» YOUR OBJECTIVE:
Without the pictures, can you quote each line below exactly?

» SOURCE DATA:

######

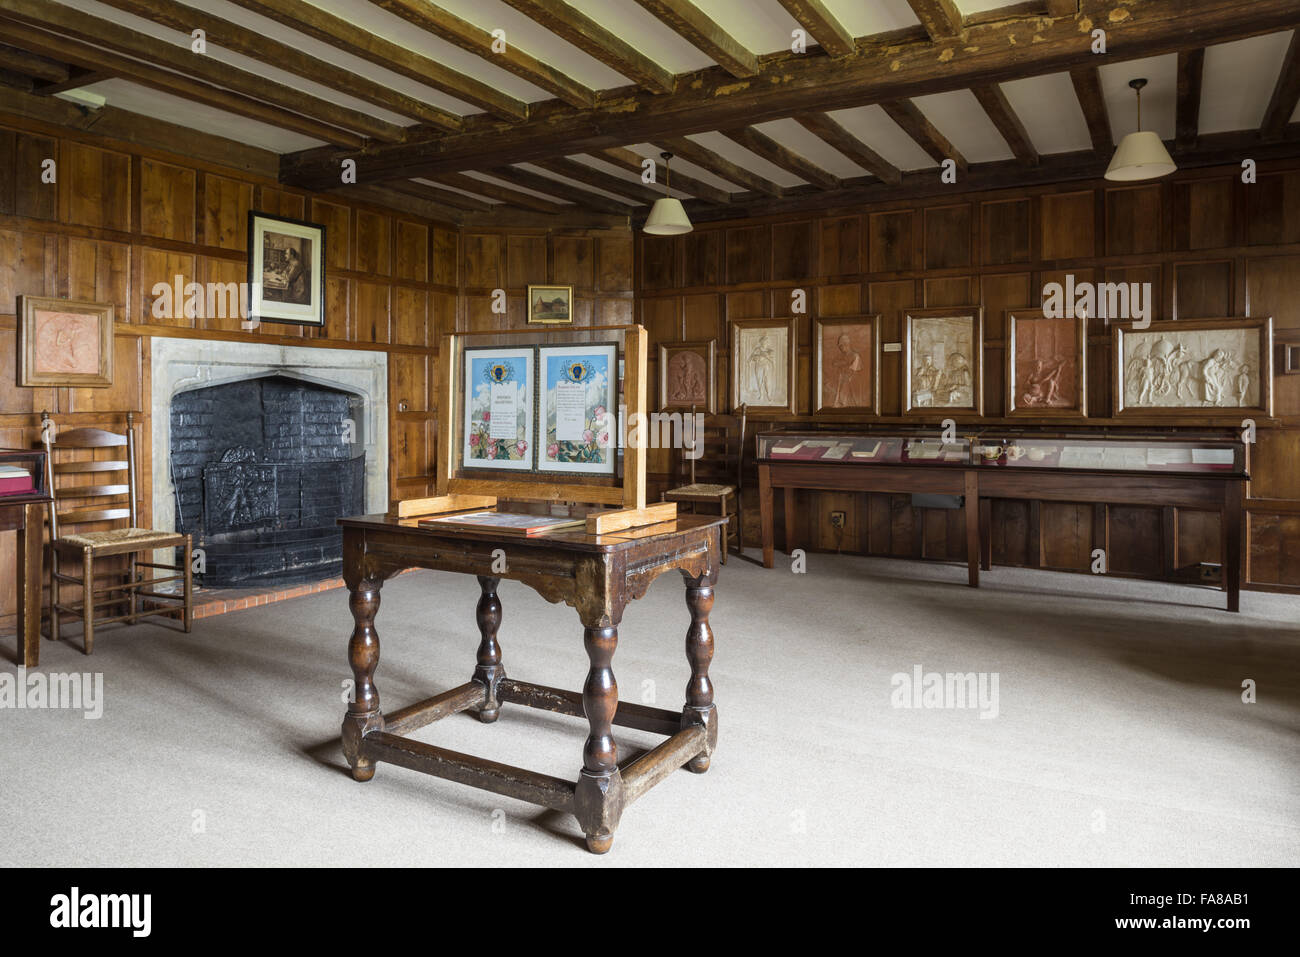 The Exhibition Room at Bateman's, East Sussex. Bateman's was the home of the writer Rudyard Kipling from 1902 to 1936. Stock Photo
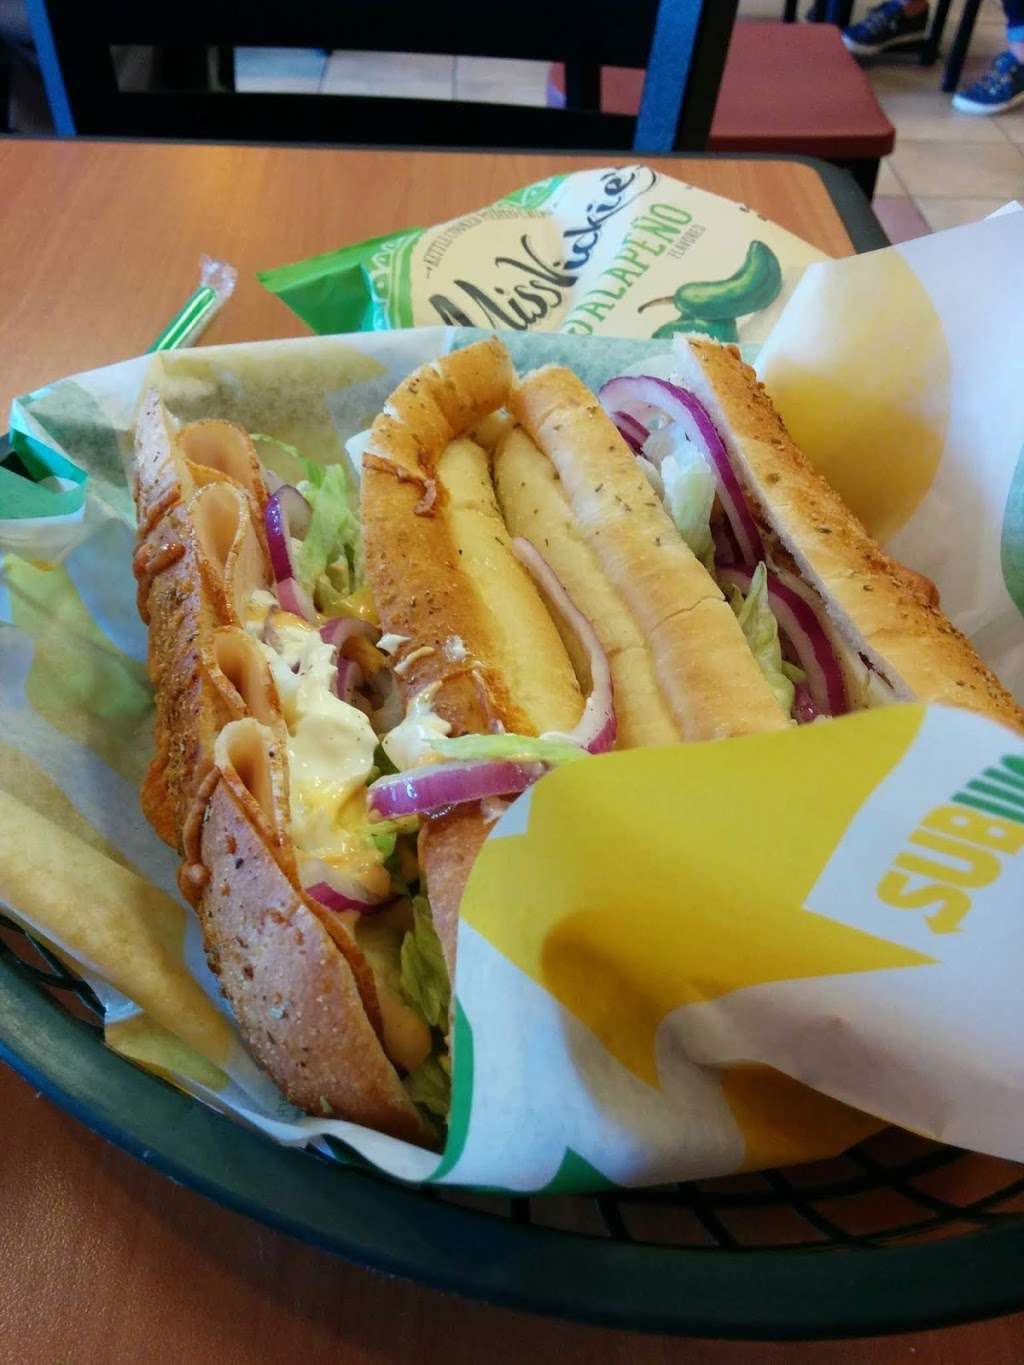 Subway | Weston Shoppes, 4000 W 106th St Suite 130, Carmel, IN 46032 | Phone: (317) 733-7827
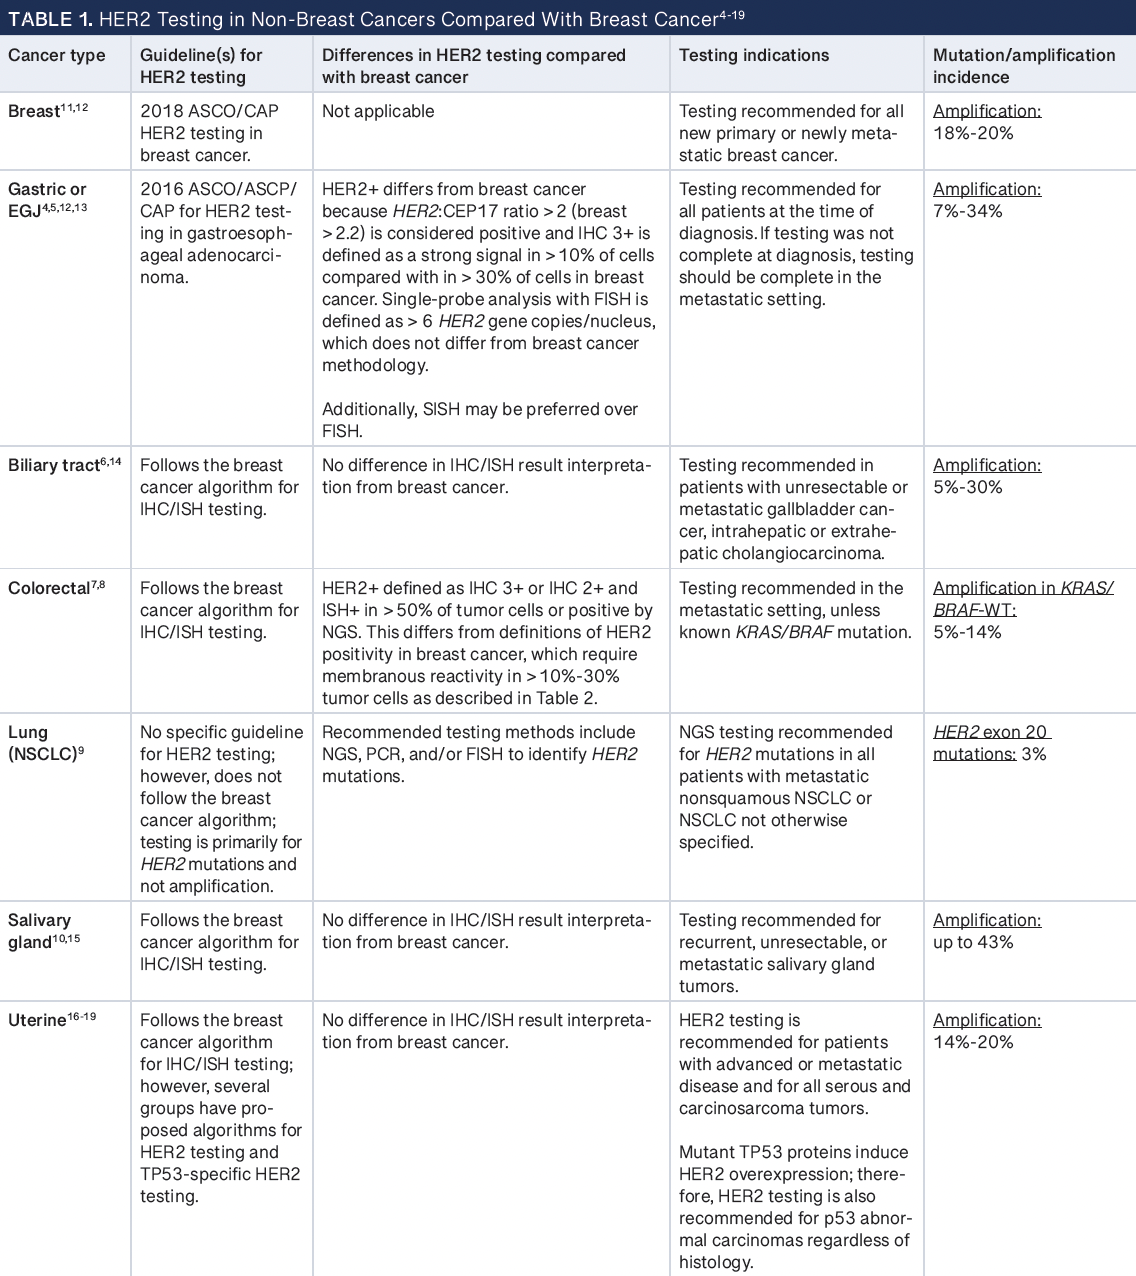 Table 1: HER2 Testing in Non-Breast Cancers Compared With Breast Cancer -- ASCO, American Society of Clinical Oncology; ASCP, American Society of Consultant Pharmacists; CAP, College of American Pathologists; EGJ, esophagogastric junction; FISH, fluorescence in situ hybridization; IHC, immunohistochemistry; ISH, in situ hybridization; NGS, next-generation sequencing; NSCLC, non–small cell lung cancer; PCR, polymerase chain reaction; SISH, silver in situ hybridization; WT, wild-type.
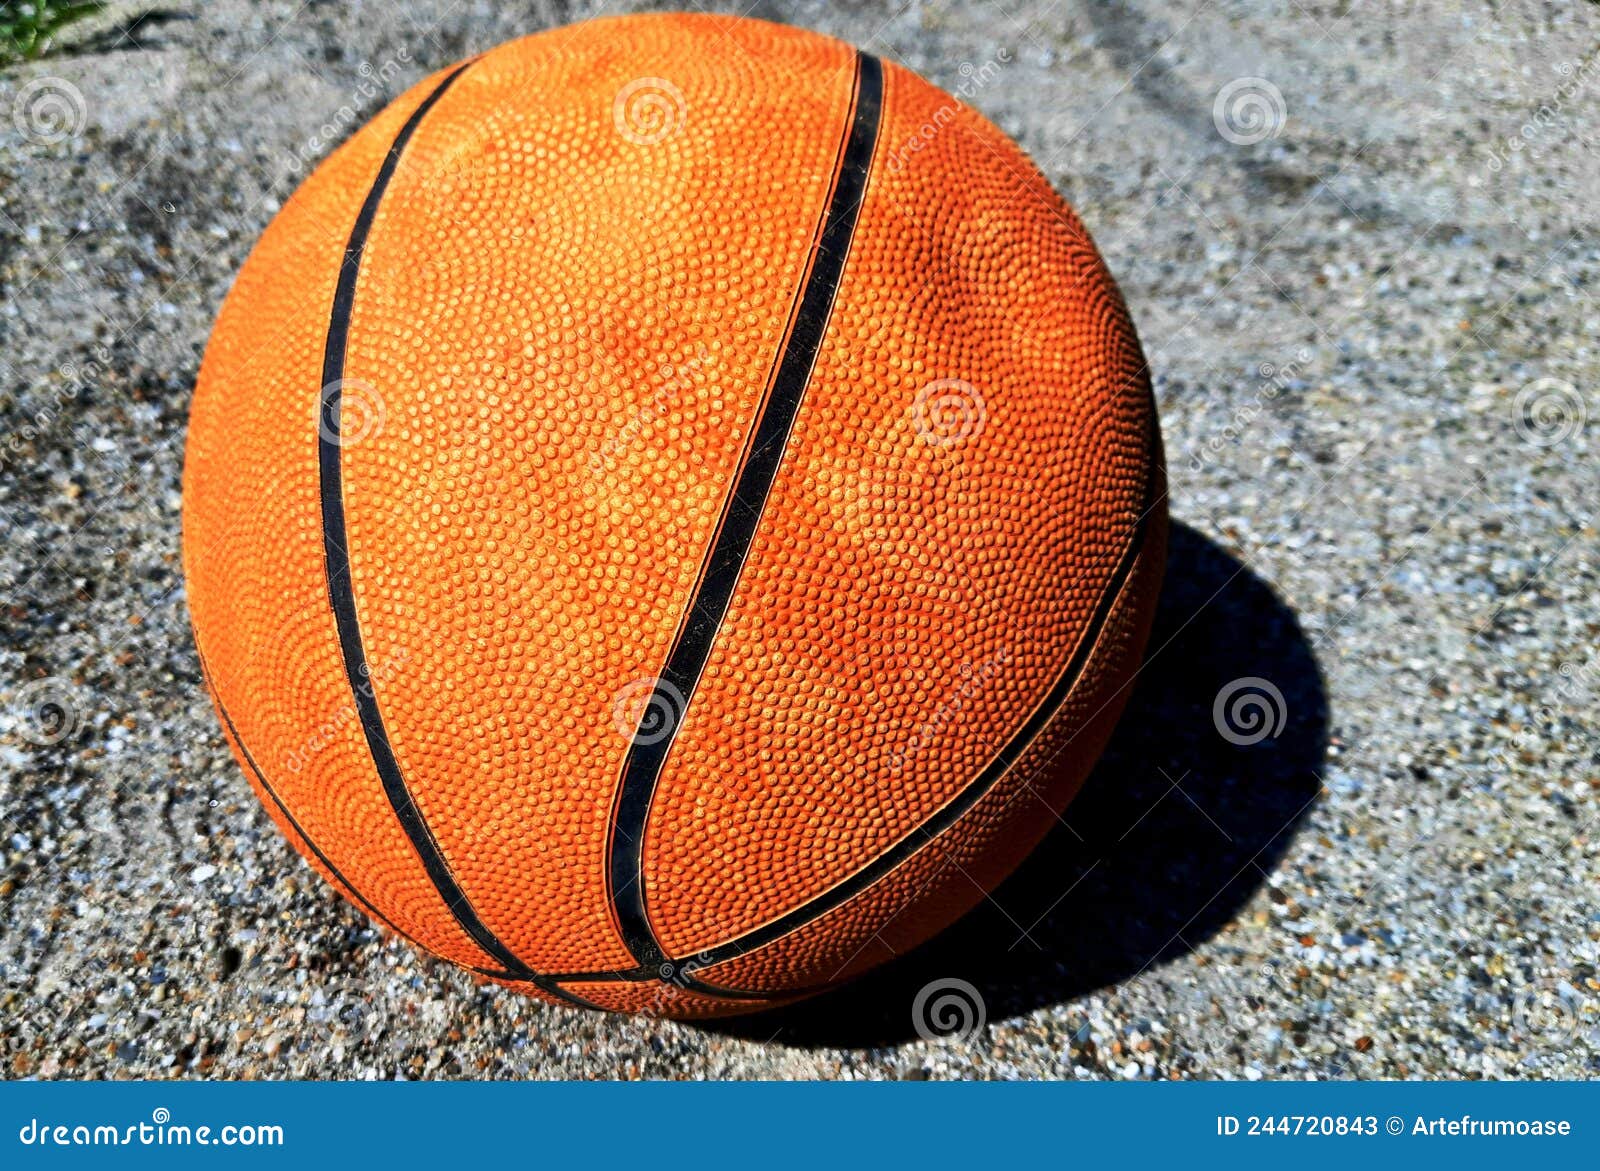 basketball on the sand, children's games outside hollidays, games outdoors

######

» ANSWER BOX:
 The Exhibition Room at Bateman's, East Sussex. Bateman's was the home of the writer Rudyard Kipling from 1902 to 1936. Stock Photo
 Subway | Weston Shoppes, 4000 W 106th St Suite 130, Carmel, IN 46032 | Phone: (317) 733-7827
 Table 1: HER2 Testing in Non-Breast Cancers Compared With Breast Cancer -- ASCO, American Society of Clinical Oncology; ASCP, American Society of Consultant Pharmacists; CAP, College of American Pathologists; EGJ, esophagogastric junction; FISH, fluorescence in situ hybridization; IHC, immunohistochemistry; ISH, in situ hybridization; NGS, next-generation sequencing; NSCLC, non–small cell lung cancer; PCR, polymerase chain reaction; SISH, silver in situ hybridization; WT, wild-type.
 basketball on the sand, children's games outside hollidays, games outdoors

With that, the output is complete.